What you have to do:
No picture should appear in the copy. Transcribe exactly, and only, the lines from the one with "Apivita Питательная и" through the last line of the data below.

Data provided:
★ ★ ★ ★ ★ ★ ★

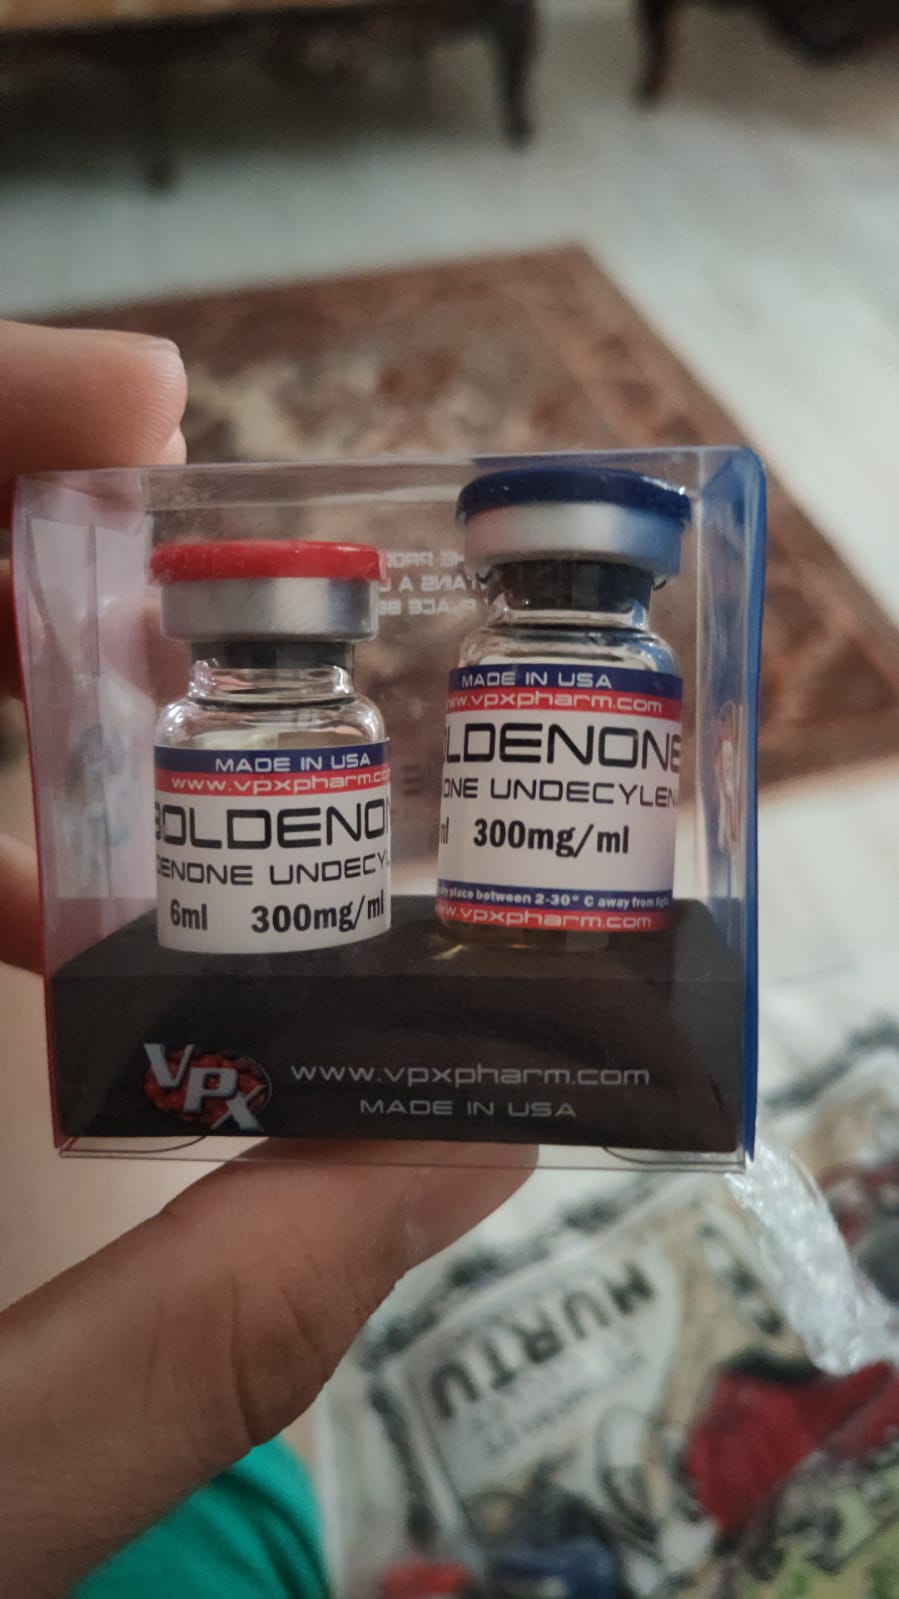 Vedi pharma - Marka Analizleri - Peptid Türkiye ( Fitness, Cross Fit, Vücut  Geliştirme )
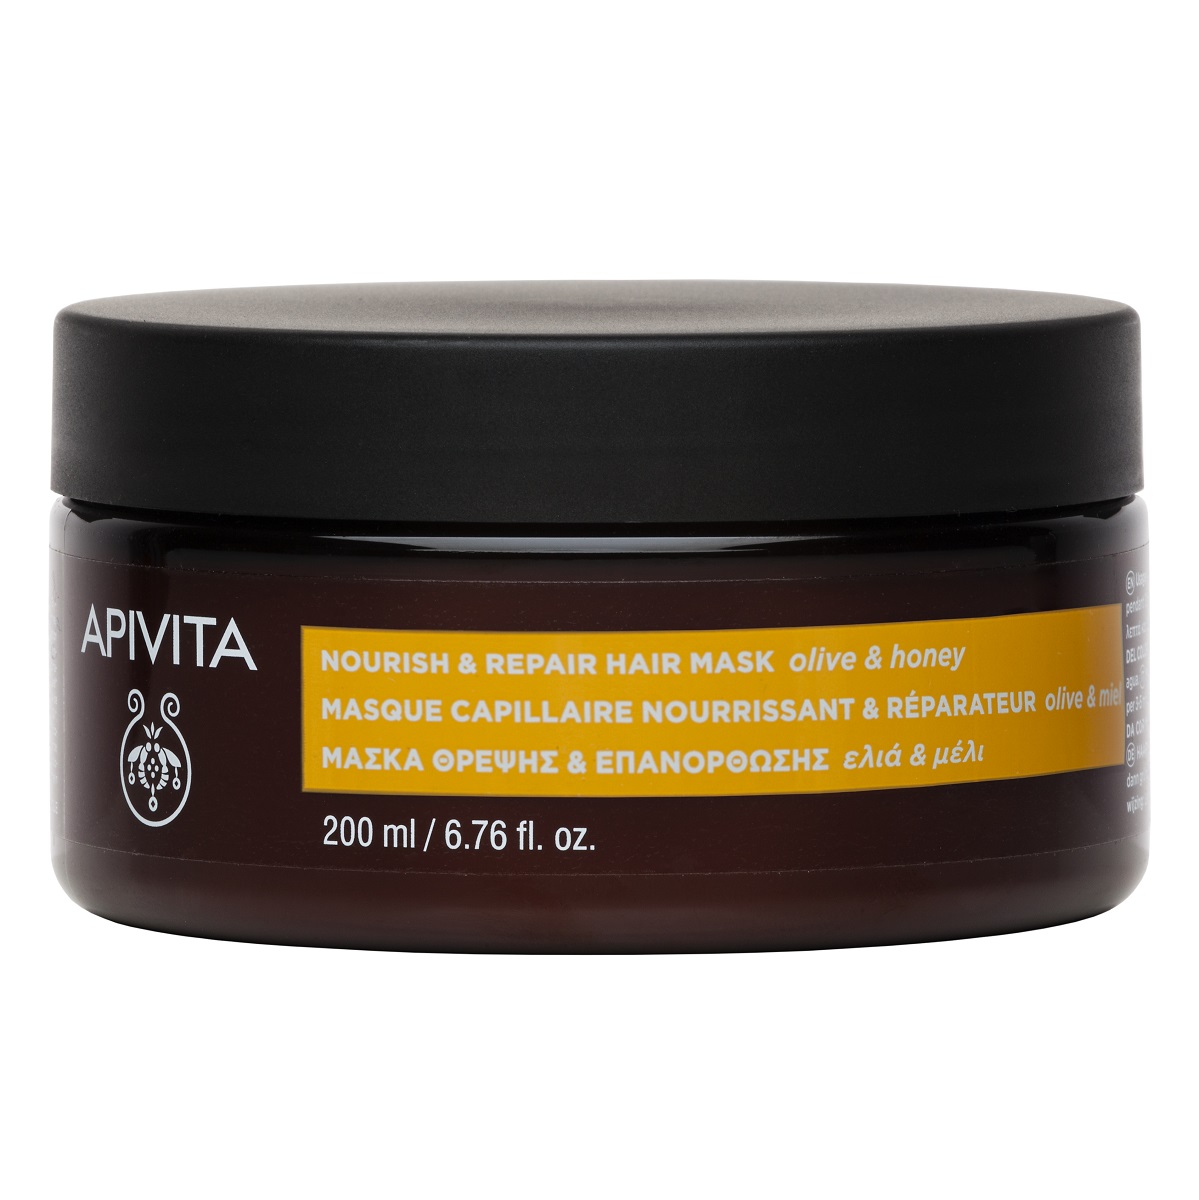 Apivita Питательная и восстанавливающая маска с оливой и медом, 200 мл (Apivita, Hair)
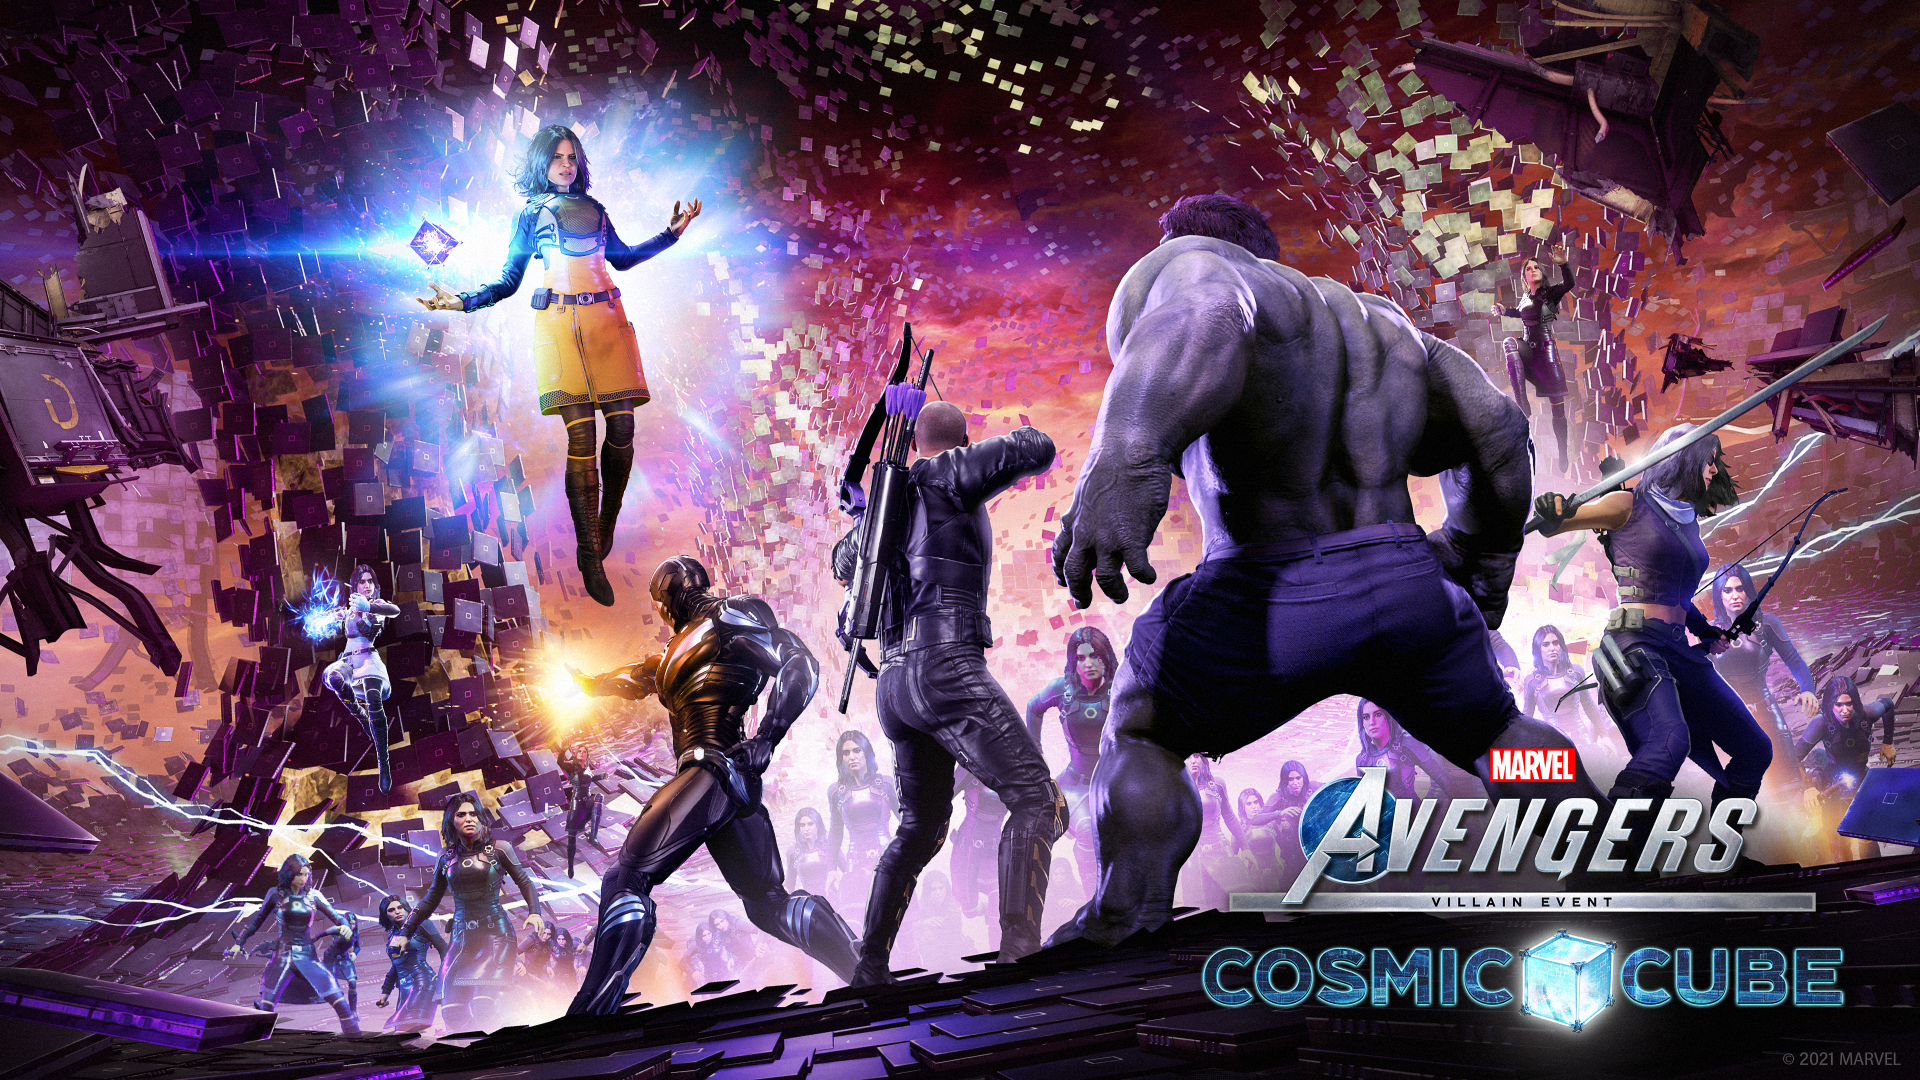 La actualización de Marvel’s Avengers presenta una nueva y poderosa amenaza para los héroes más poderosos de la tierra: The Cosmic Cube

★ ★ ★ ★ ★ ★ ★

Exercise solution:
 Apivita Питательная и восстанавливающая маска с оливой и медом, 200 мл (Apivita, Hair)
 La actualización de Marvel’s Avengers presenta una nueva y poderosa amenaza para los héroes más poderosos de la tierra: The Cosmic Cube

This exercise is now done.